Opening a business is both a scary and exciting endeavor. You’re passionate about something, and you’re ready to monetize that passion. It’s the American Dream! Opening and running your own business is a lot more difficult than it initially seems, though. There are expenses and permits you never even imagined. That doesn’t mean it’s impossible to open your own business, but there are a few things you should avoid doing from the beginning to keep yourself from making painful mistakes.
Don’t hire your friends and family
Unless it’s a joint effort from the beginning, it’s a bad idea to hire your friends and family as employees. The most important quality an employee can have is competence and a dedication to work. Hire someone who is familiar with what you’re doing and find different ways to involve your friends and family that are excited for you and your business to find success. They don’t need to work for you.
Buying used equipment
Especially when you’re first starting, it’s natural to want to save as much money as possible. Buying used equipment can be a risky thing, though. Used equipment isn’t going to last as long as new equipment, and therefore you’re much more likely to have to pay extra for repairs. Buying new equipment also comes with a warranty that will help cover the cost of damages. Used equipment doesn’t come with a warranty.

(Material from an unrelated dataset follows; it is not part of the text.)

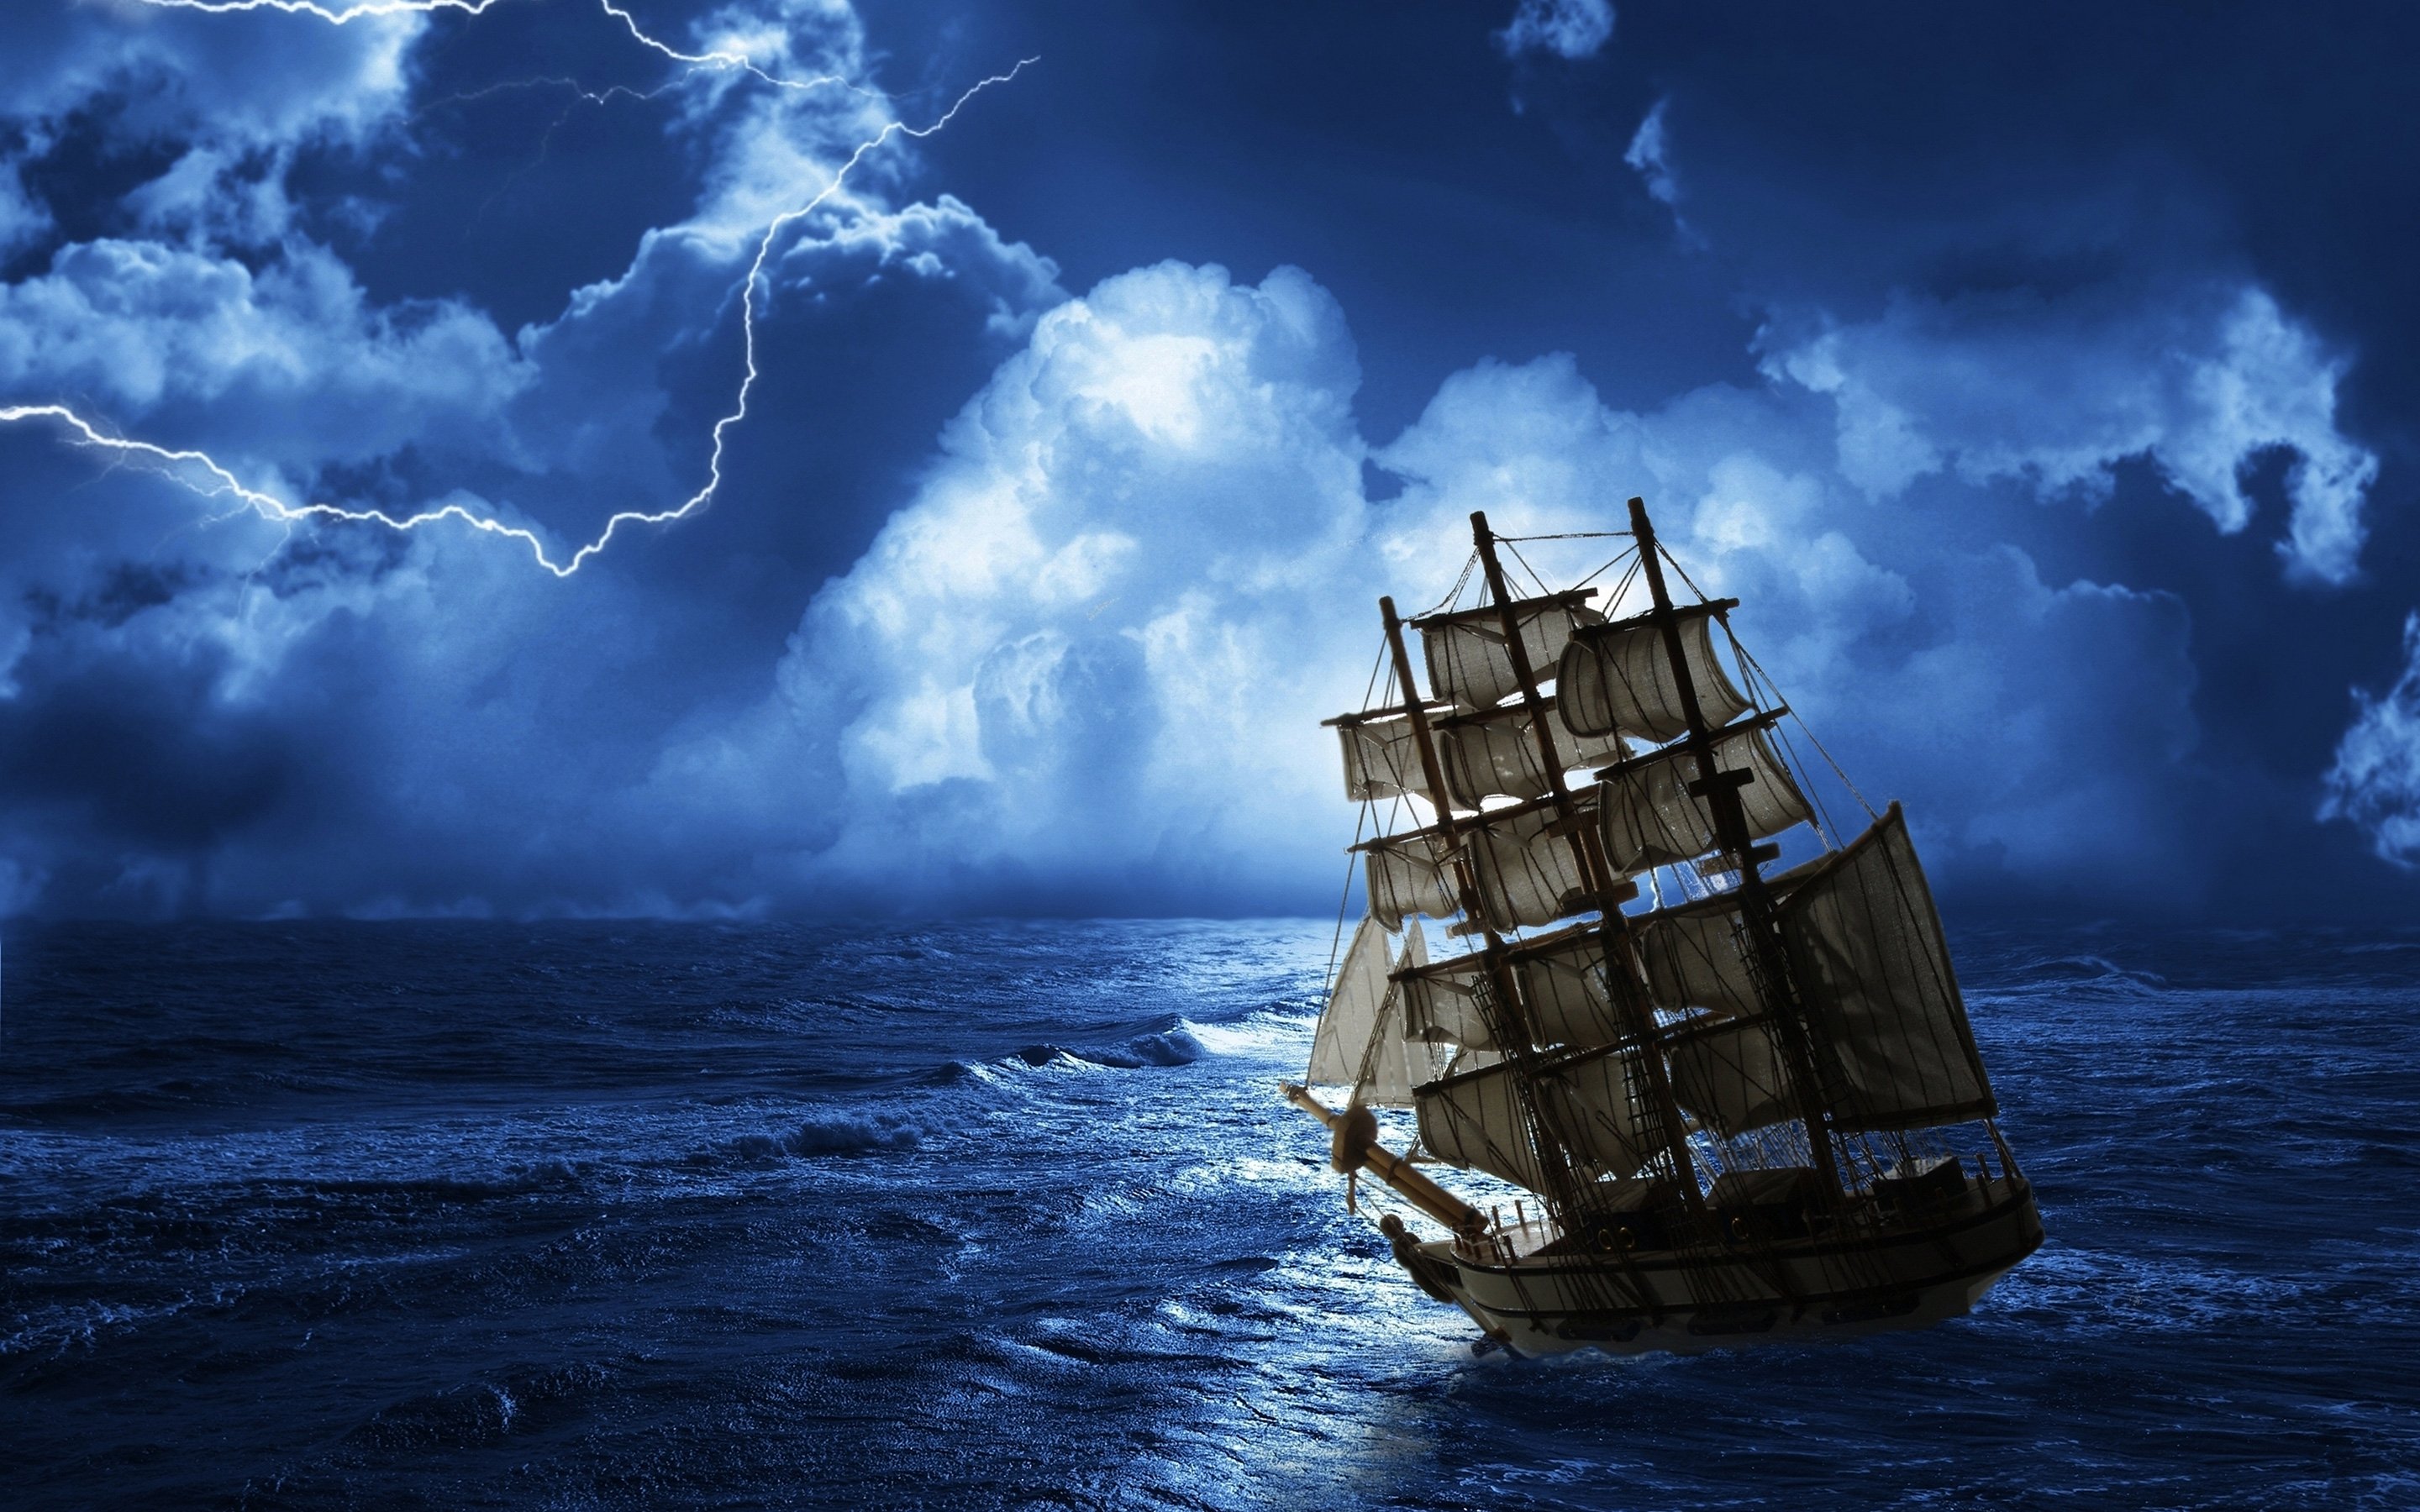 Ship Wallpaper Image In HD Available Here For

Not spending very much on rent
Keeping your overhead low is important. But if you’re in a workspace that doesn’t meet your needs to try and cut costs, your business will suffer. Don’t compromise on something like that.
Not investing in professional help
You’re an expert in your business, so let someone else be the expert in their own field. If you have no idea what you’re doing when it comes to contracting, payroll, or marketing, then hire someone who knows what they’re doing. You’ll end up saving money, because you won’t be wasting money on failed attempts before you crack and invest in professional help.